I am wondering how to call a specific GPU in the bash call.
Here is my situation: Is it possible to actually call the RTX 3080 GPU on baobab ?
In the doc, you can specify the VRAM per GPU, the precision, so I most of the time do:
Dear @Yann.Sagon , you are right, I had two RTX 3090.
Yet is there a way to call a specific GPU ?
And were can I get a glance of GPU utilisation, to adapt my sbatch call ?
The reason:
I actually want to launch job where my interest is the total Vram, that I can share between N GPU. I am trying to get the most disponibility on baobab, to be able to launch multiple jobs, for example ~100 jobs with lets say 30G of Vram.
3x10G would work, but if the RTX 3080 are not available, then I jobs use 3x25, or 3x48 (on node 48), which is a pity and way to much for my job (I would rather use 1x48 for the jobs, and thus get more jobs done for same dispo of Gpus).
Thus my desire to call a specific GPU: In my example, per job, I would call 3x10 RTX 3080 if those are available, or 2x25G RTX A5500 or RTX 3090 if these are the GPU available, or 1x48 RTX A6000 if those are available.
But
#SBATCH --constraint=COMPUTE_MODEL_RTX_3080_10G
Does not work, although you seemed to propose this here:
I would like to better understand your workflow to give you a more accurate answer.
If I understand correctly, each of your job is able to use let say three GPUs with 10GB RAM at the same time and it “sees” 30GB of GPU RAM? Is that correct?

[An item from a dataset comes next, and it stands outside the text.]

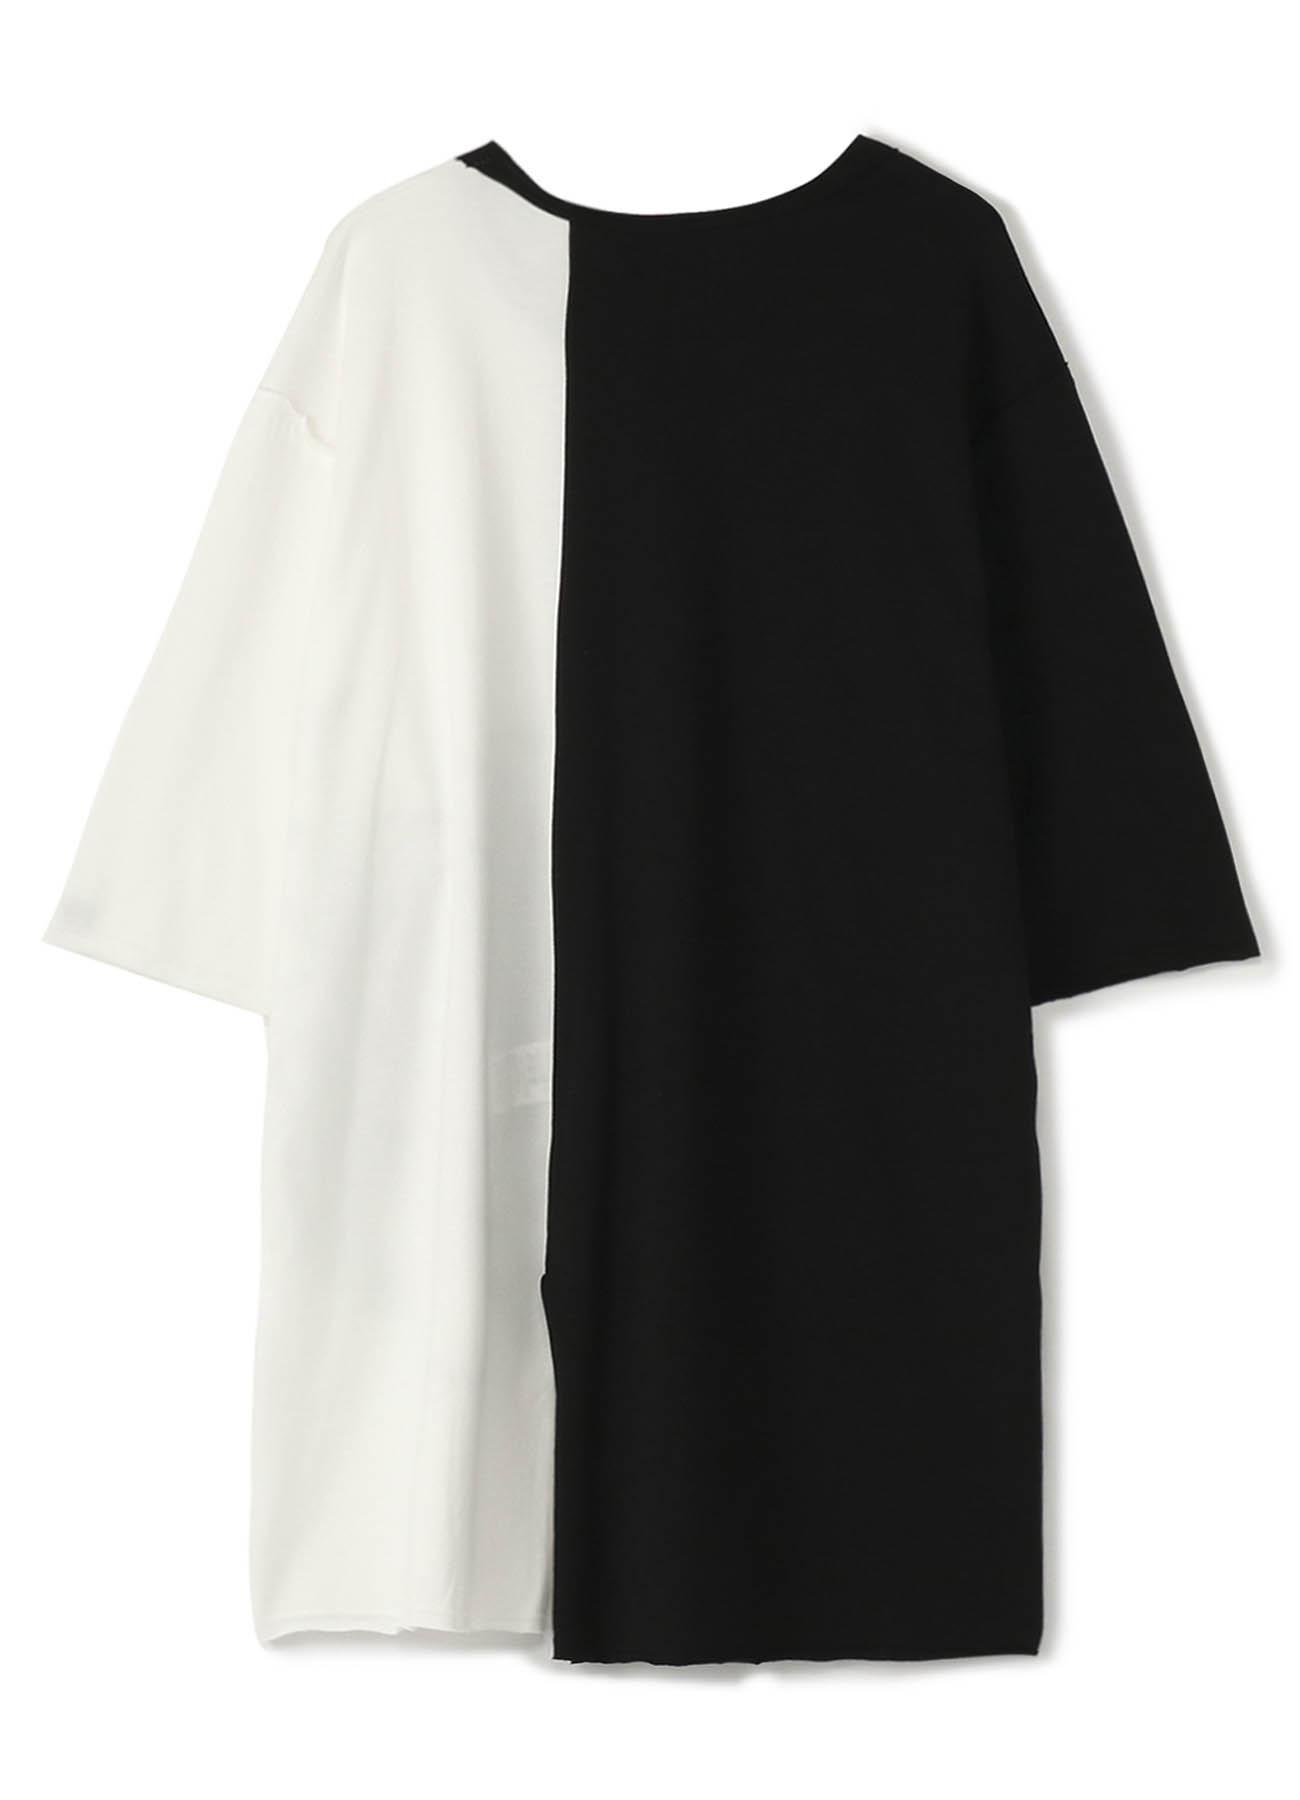 40/2 Cotton Jersey Stitching Slit Big Flower Black & White T-shirt

When you are talking about 100 jobs: are you referring to 100 sbatch instances or job array or one sbatch with 100 job inside using a for loop for example?

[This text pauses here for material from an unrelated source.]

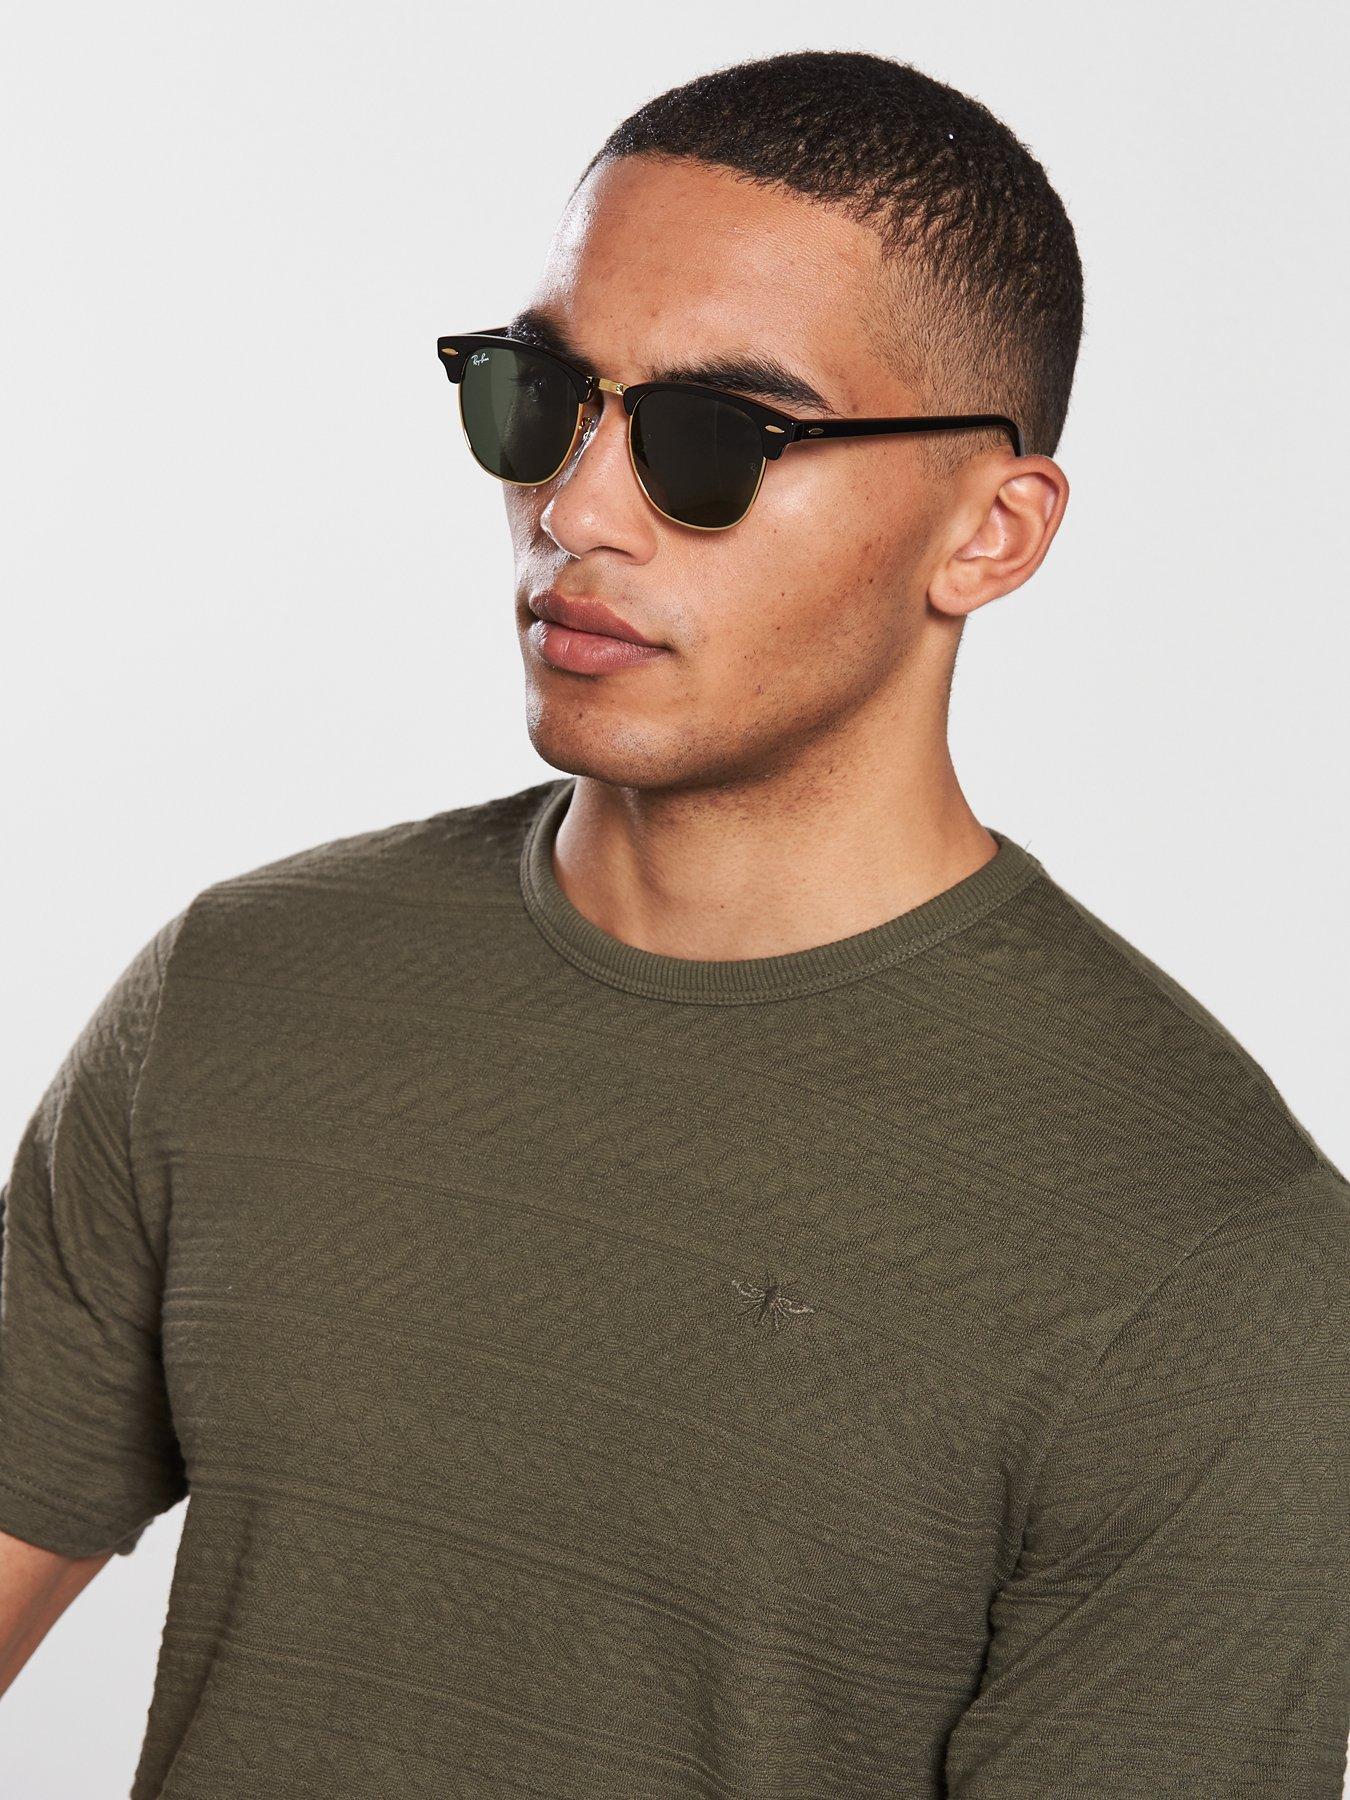 ray ban clubmaster sunglasses ireland  ray ban rayban clubmaster sunglasses

This was never implemented as at the end the usage of VramPerGpu did the trick for the user.
As this may be needed for your use case, I have implemented that this afternoon on Baobab. You can check on the documentation the constraint name to use to target a specific GPU.

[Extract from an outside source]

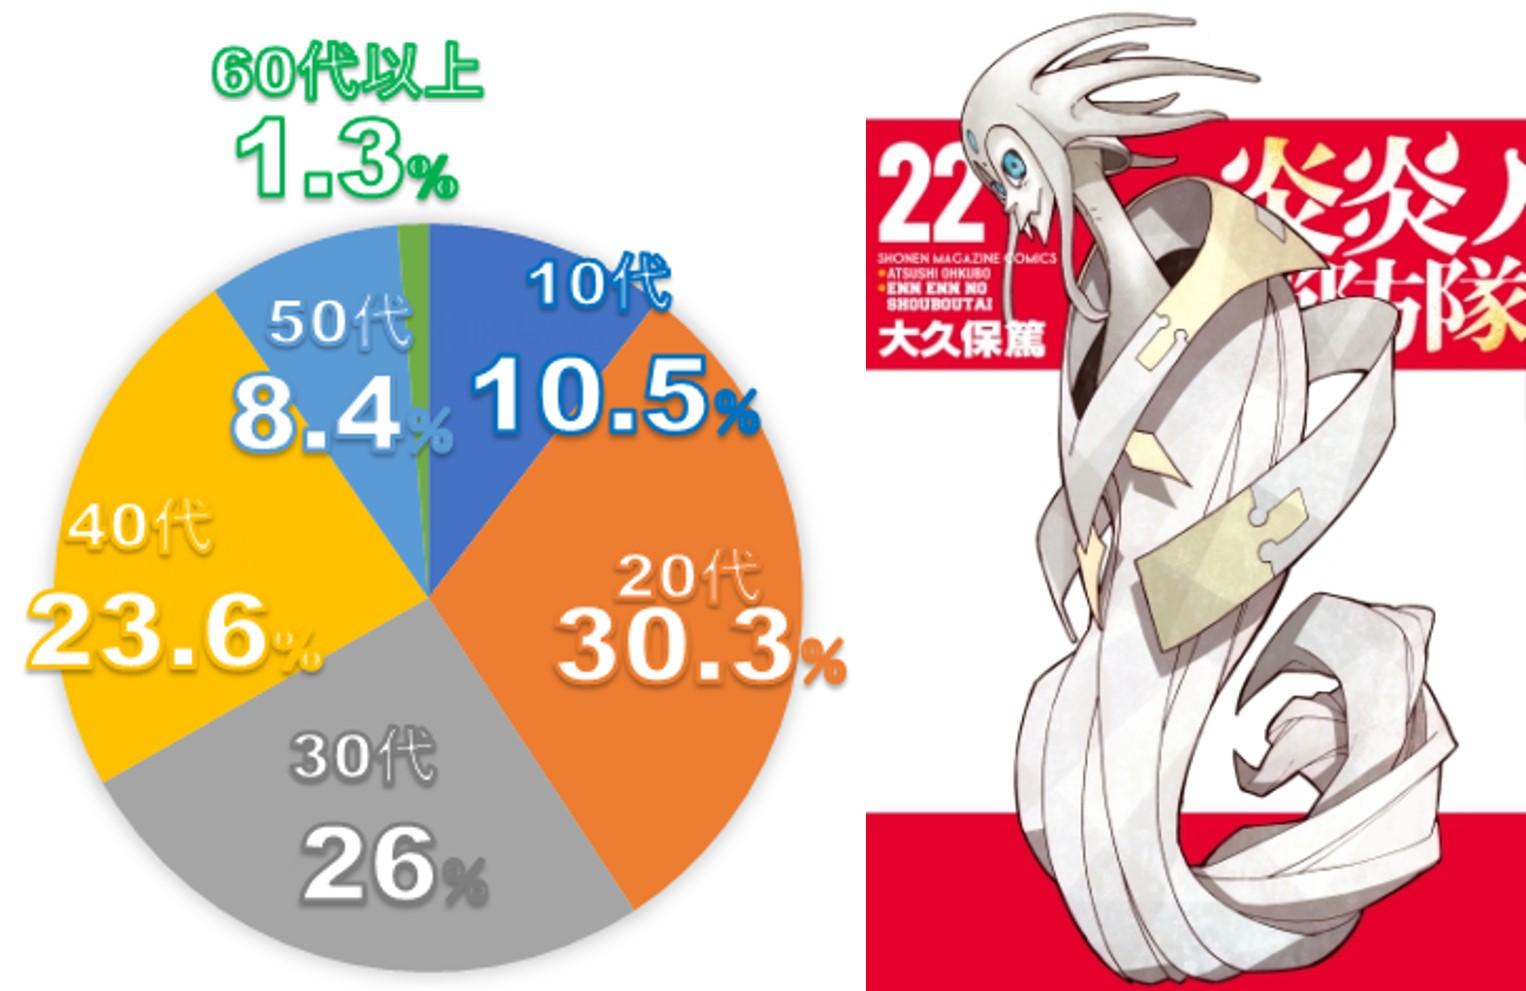 %e3%82%a2%e3%83%8b%e3%83%a1%e5%8e%9f%e4%bd%9c%e6%9c%ac%e3%83%a9%e3%83%b3%e3%82%ad%e3%83%b3%e3%82%b0-anime-ranking-%e5%8b%95%e6%bc%ab%e6%8e%92%e5%90%8d5

In the output you can see have a look a the columns GRES and GRES_USED that will display the number of GPUs vs the number of allocated GPUs.
One more thing: if you specify that you want a GPU with 10GB of RAM and there’s none available, you’ll get a model with more RAM, but the model will be chosen based on its “weight”. The heavier it is, the less likely you’ll get it. Check our documentation to see the weight associated with each GPU.
If I understand correctly, each of your job is able to use let say three GPUs with 10GB RAM at the same time and it “sees” 30GB of GPU RAM? Is that correct?
Yes! I am using llms locally, and I load the model on various GPU.
When you are talking about 100 jobs: are you referring to 100 sbatch instances or job array or one sbatch with 100 job inside using a for loop for example?
Speaking about job array here.
One more thing: if you specify that you want a GPU with 10GB of RAM and there’s none available, you’ll get a model with more RAM, but the model will be chosen based on its “weight”. The heavier it is, the less likely you’ll get it. Check our documentation to see the weight associated with each GPU.
Yes, and that is why I would like to avoid that: I don’t want to have a use multiple “heavy” GPU when light ones would be enough: it penalises me for future jobs (longer queues).